Here, we present DRUMS (Disk Repository with Update Management and Select option), satisfying demands (i)-(iii). It tackles the weaknesses of traditional databases while handling position-specific DNA-related data in an efficient manner. DRUMS is capable of storing up to billions of records. Moreover, it focuses on optimizing relating single lookups as range request, which are needed permanently for computations in bioinformatics. To validate the power of DRUMS, we compare it to the widely used MySQL database. The test setting considers two biological data sets. We use standard desktop hardware as test environment.
DRUMS outperforms MySQL in writing and reading records by a factor of two up to a factor of 10000. Furthermore, it can work with significantly larger data sets. Our work focuses on mid-sized data sets up to several billion records without requiring cluster technology. Storing position-specific data is a general problem and the concept we present here is a generalized approach. Hence, it can be easily applied to other fields of bioinformatics.
KeywordsDatabase HERV SNP DNA related data High throughput data
With the beginning of the information age in the 90s of the last century, a large set of processes are established to manipulate and analyze data. In particular in the field of bioinformatics, many different workflows produce a growing amount of data. One example are sequencing technologies, which are capable of sequencing an entire human genome in less than a day. Moreover, extensive software suites for analyzing biological data sets exist, e.g. http://galaxy.psu.edu/[1–3]. In addition, it is possible that an analyzing process produces more output data than provided input. For example, the input size of the HERV data set used in this work is about 4 GB. The output of the mapping with BLAST is about 50 GB large. Hence, rapid processes for storing and querying data are needed as it has impact on the general performance of the analytic processes.
Position-specific DNA related data (psDrd)

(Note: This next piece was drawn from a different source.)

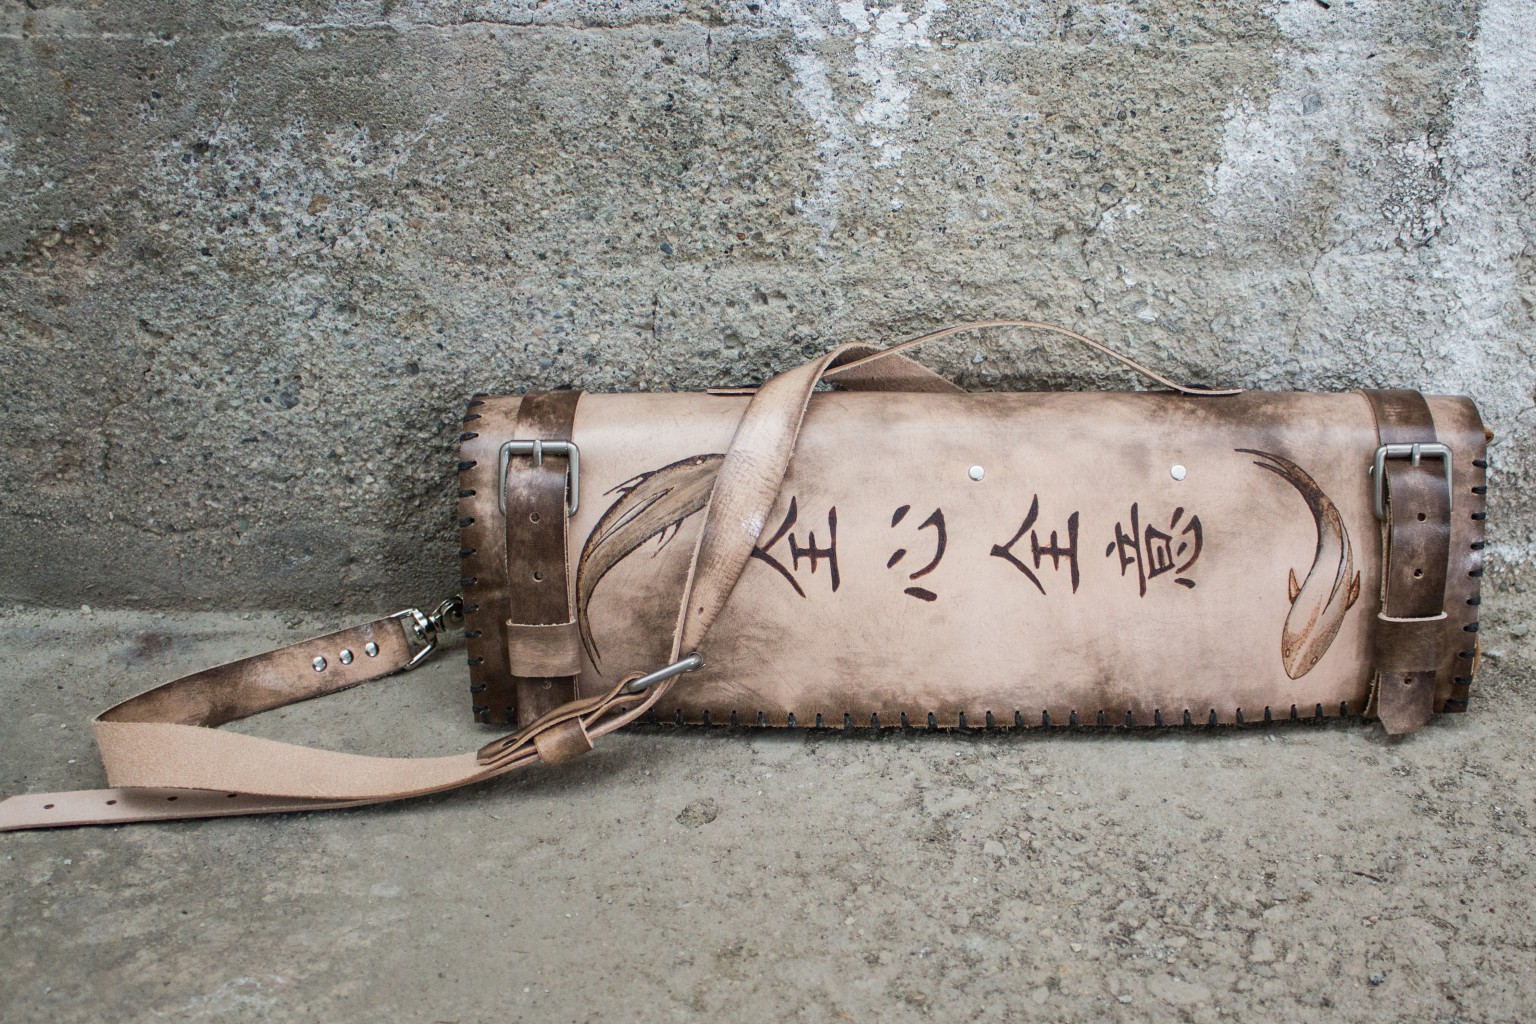 koi-leather-knife-roll-5-e1446189534121.jpg

In the field of bioinformatics, data related to DNA sequences are of particular importance. Examples are single nucleotide polymorphisms (SNPs) , transcription factor binding affinities and probabilities [5, 6], and RNAseq data [7, 8]. We generalize these types of data by the term position-specific DNA-related data (psDrd). A psDrd record is an information related to a specific DNA position. psDrd records have three characteristics. First, a psDrd record R can be represented by a key-value pair R=(K,V). The key K is composed of the sequence identifier and the position of the associated value V. Hence, the key is unique, and records can be easily sorted. Second, psDrd records are usually requested by region (e.g., querying for all mutations in a specific gene or looking for transcription factors that are binding near a given position). We call this kind of access range select. Third, all psDrd of the same kind need the same space to be stored on device, i.e., two different records are represented by the same number of bytes. In contrast, textual annotations are generally of variable length. These three specific properties can be utilized for optimizing data handling of psDrd.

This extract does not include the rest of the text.